Message ID 20231017202505.340906-5-rick.p.edgecombe@intel.com
State New
Headers
Series Handle set_memory_XXcrypted() errors |

Commit Message

Edgecombe, Rick P Oct. 17, 2023, 8:24 p.m. UTC
  On TDX it is possible for the untrusted host to cause
set_memory_encrypted() or set_memory_decrypted() to fail such that an
error is returned and the resulting memory is shared. Callers need to take
care to handle these errors to avoid returning decrypted (shared) memory to
the page allocator, which could lead to functional or security issues.

Swiotlb could free decrypted/shared pages if set_memory_decrypted() fails.
Use the recently added free_decrypted_pages() to avoid this.

In swiotlb_exit(), check for set_memory_encrypted() errors manually,
because the pages are not nessarily going to the page allocator.
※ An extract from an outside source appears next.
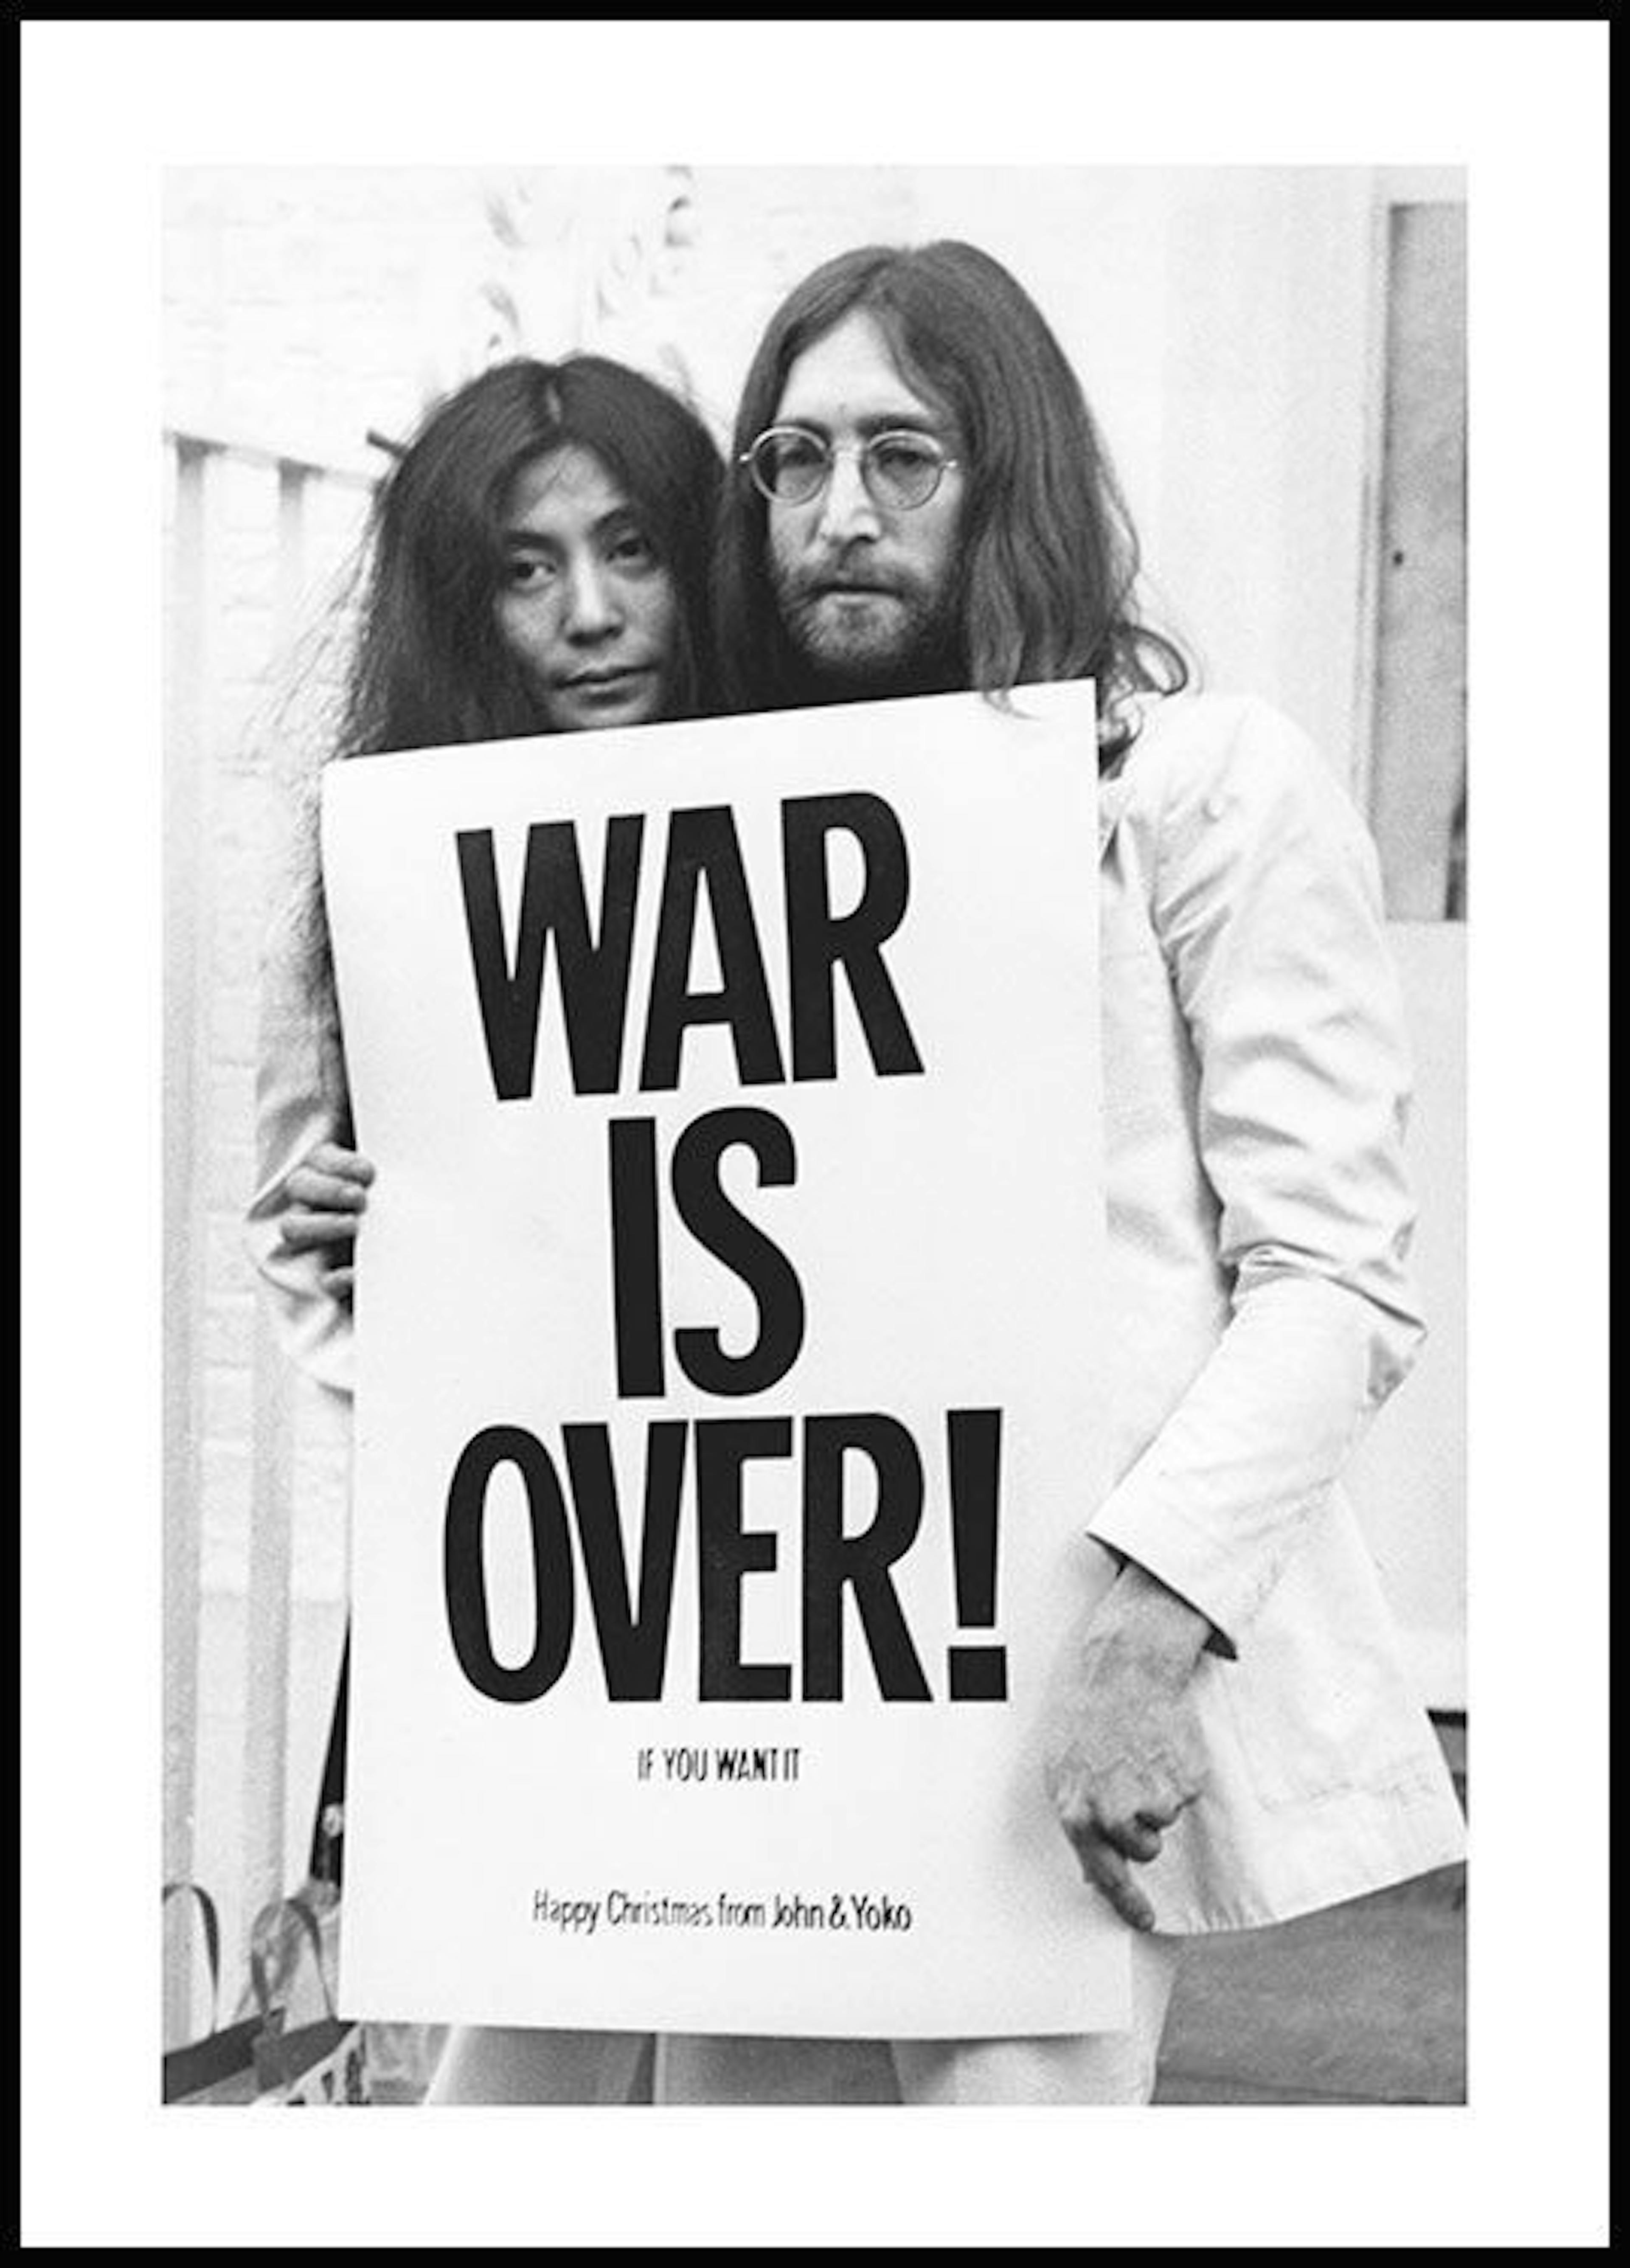 War is Over John Lennon Poster 0
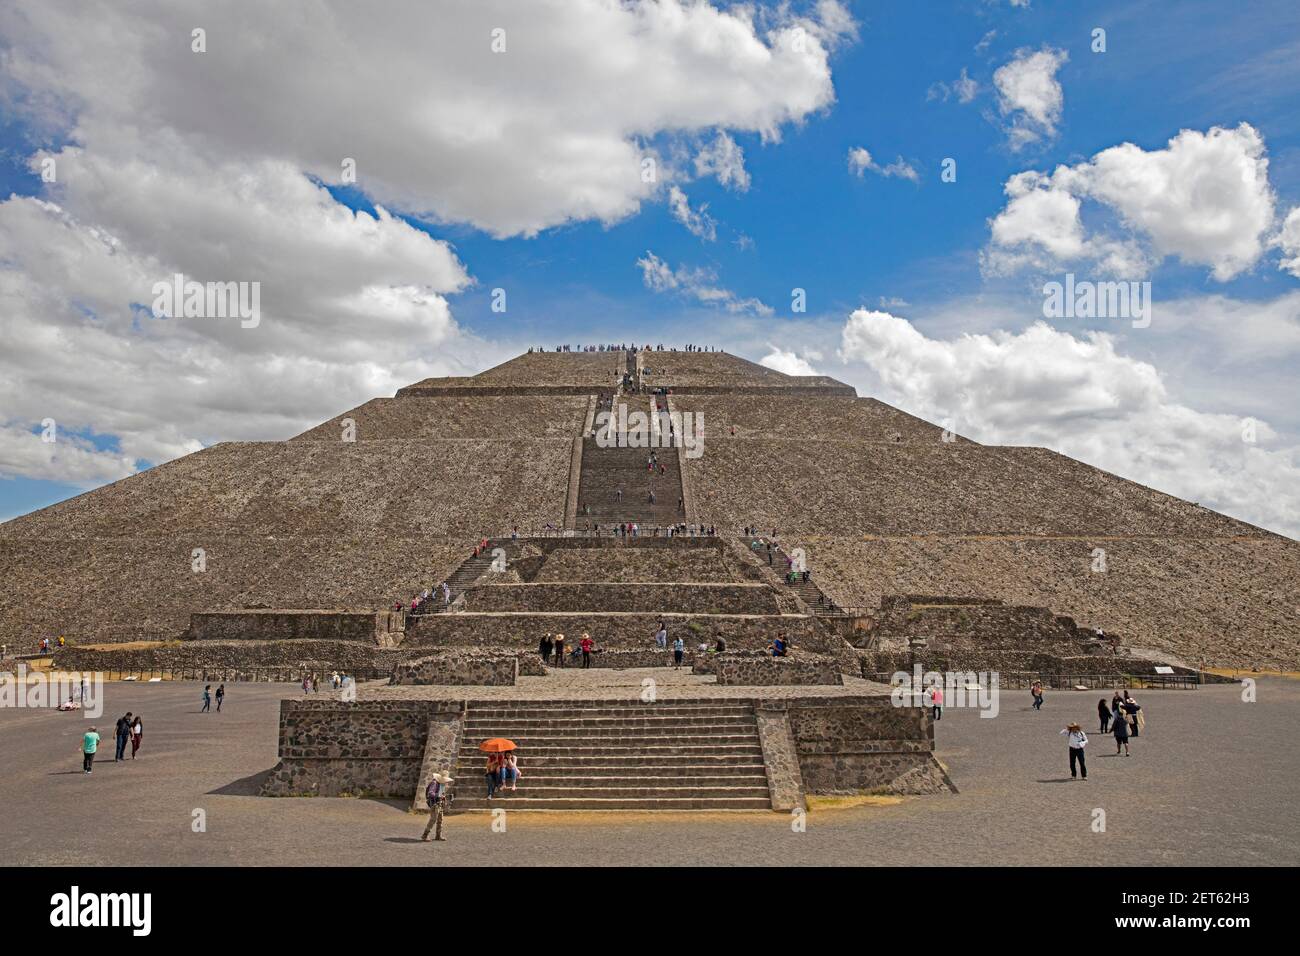 Pyramide du Soleil, Pirámide del sol, à Teotihuacán, l'une des plus grandes pyramides du monde, le Mexique Banque D'Images

Cc: Christoph Hellwig <hch@lst.de>
Cc: Marek Szyprowski <m.szyprowski@samsung.com>
Cc: Robin Murphy <robin.murphy@arm.com>
Cc: iommu@lists.linux.dev
Signed-off-by: Rick Edgecombe <rick.p.edgecombe@intel.com>
---
 kernel/dma/swiotlb.c | 11 +++++++----
 1 file changed, 7 insertions(+), 4 deletions(-)
  

Comments

Christoph Hellwig Oct. 18, 2023, 4:43 a.m. UTC | #1
On Tue, Oct 17, 2023 at 01:24:59PM -0700, Rick Edgecombe wrote:
> On TDX it is possible for the untrusted host to cause
> set_memory_encrypted() or set_memory_decrypted() to fail such that an
> error is returned and the resulting memory is shared. Callers need to take
> care to handle these errors to avoid returning decrypted (shared) memory to
> the page allocator, which could lead to functional or security issues.
> 
> Swiotlb could free decrypted/shared pages if set_memory_decrypted() fails.
> Use the recently added free_decrypted_pages() to avoid this.
> 
> In swiotlb_exit(), check for set_memory_encrypted() errors manually,
> because the pages are not nessarily going to the page allocator.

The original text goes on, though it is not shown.